The Manchester United defender, England's longest-serving current international with 68 caps to his name since his debut in 1995, recalled as evidence a rainswept afternoon in north London four years ago. "I remember that day at Wembley when we walked off the pitch after losing to Germany and Kevin Keegan resigned," he said. "That was a dark day and not just because of the weather. We can't keep going back to swapping our manager every one or two years.

"In my early England career I had four or five managers in my first five or six years. You don't know whether you are coming or going, you are changing systems, tactics, squads, ideals. You don't have a chance. We need stability. We have got to keep a manager for five, six, seven years. It's unrealistic to think that whoever takes a manager's job, whether it be a Sunday league job or England, that there are not going to be losses and disappointing performances. That is always going to happen but we've only lost two competitive games in 90 minutes under him. Let's stick with what we've got because it's worked quite well. In terms of actual results you have to say we have progressed a lot under him in the last three years.

"Sacking the manager is not an option. We have to keep this manager. He is one of the best in the world. I think we have as good a manager as England could possibly have. I genuinely believe that. We should be delighted to have him. He's admired around the world. The players believe in him and I think the fans believe in him.

"I go back to that day at Wembley and think of the feeling within the squad now compared to then. There's a calmness about the squad now. Gone are the days when you are expecting four or five new call-ups every time and you're wondering who will be in the squad. He picks these players because they are the best. I don't think anyone would pick different teams or different squads.

"That's what the people in the press who are putting him under pressure should think about. Why are you doing it? For football reasons? Or for other reasons? Do you not accept that we should have a football manager for England for a long time? One who can provide continuity and stability? That's the way success is bred."

All very valid points, which this correspondent would broadly agree with. Neville, though, was less prepared to go on the record when it was pointed out that factions within the Football Association had undermined Eriksson as much as within the media.

Initially prepared to answer, Neville, the players' union man, then turned to the FA official alongside and asked: "Do you want me to go there?" "No" was the inevitable and understandable reply. Neville, though tempted, kept his counsel.

Not that he needed to say anything. The players were already at odds with the FA over the Rio Ferdinand issue, during which Eriksson backed the players. By putting Eriksson into the same boat, the Faria Alam affair has only drawn the players and their coach closer together.
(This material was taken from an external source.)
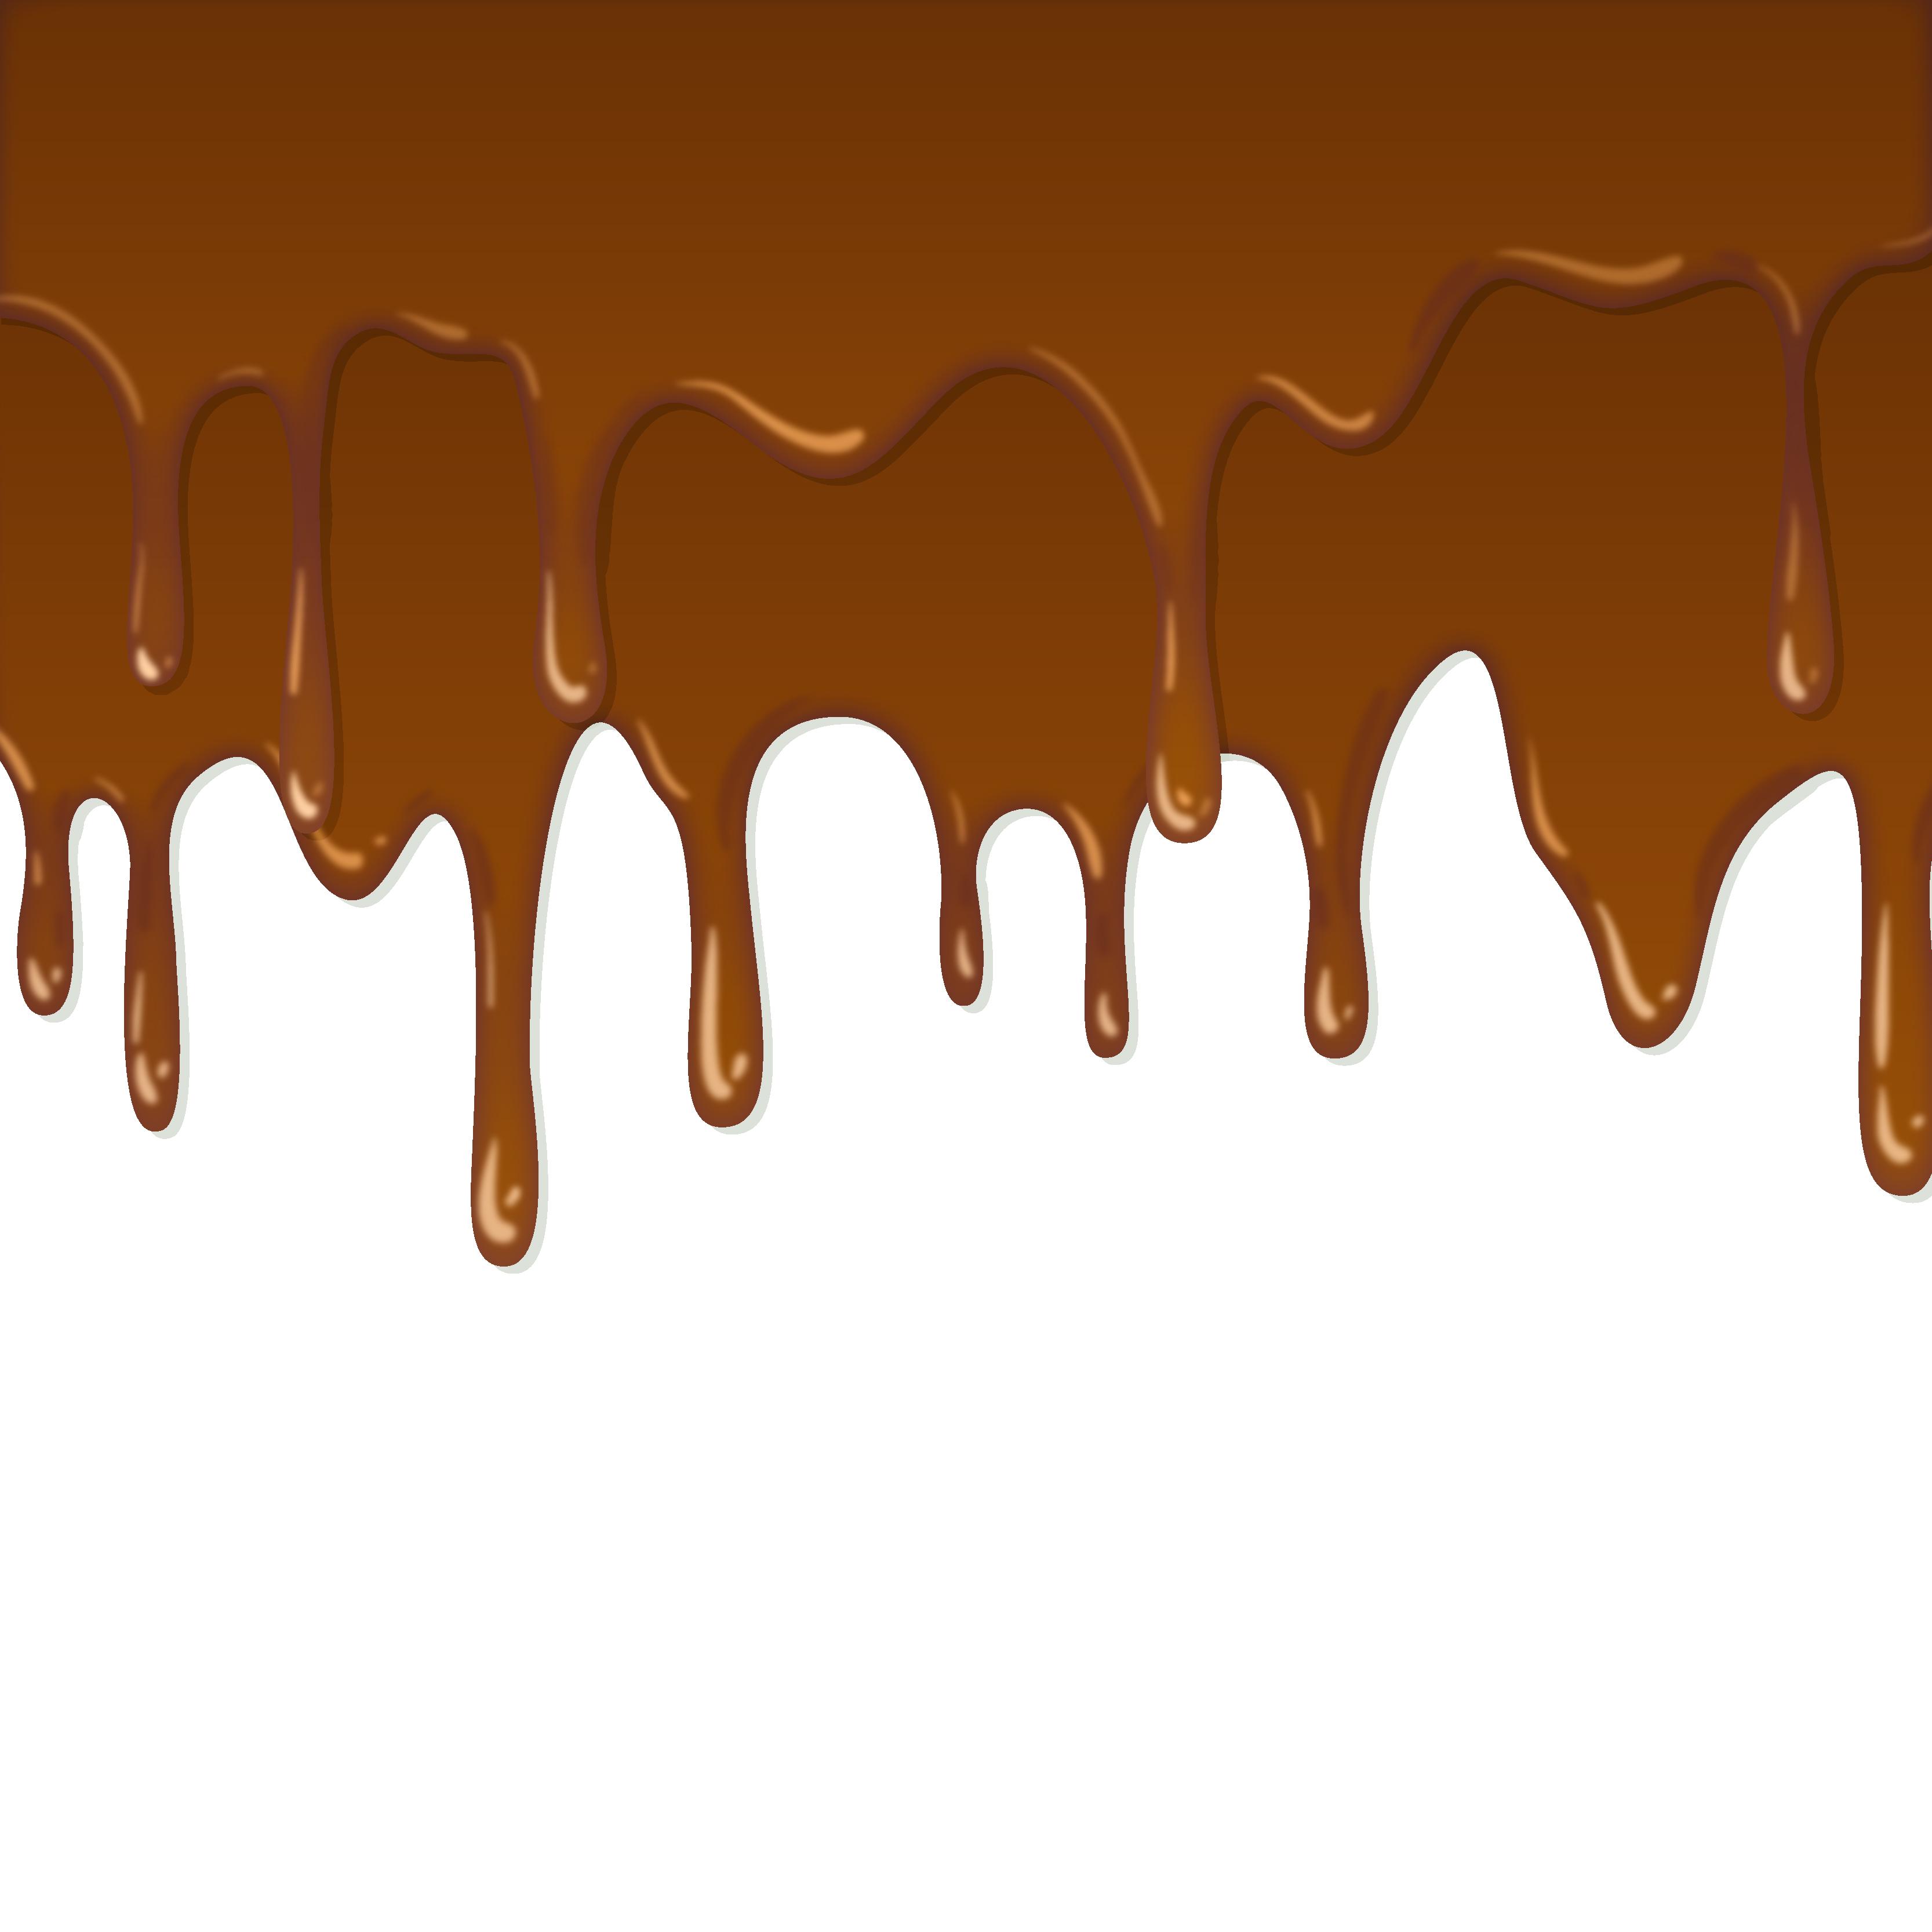 картинка как стекает шоколад подберут

That sense of unity will be invaluable during the forthcoming qualification campaign. "Euro 2004 was a disappointment," said Neville, "because for the first time in a long time we actually had a team that everyone really believed in. We now have to start again and that's the biggest disappointment of it all. You feel as though you're closing in on the top of the mountain and then you fall back down to the bottom."

England begin the ascent with Ferdinand, Sol Campbell, Jonathan Woodgate and Nicky Butt absent, but Shaun Wright-Phillips, the only other doubt, is expected to train this morning and be on the afternoon flight to Vienna.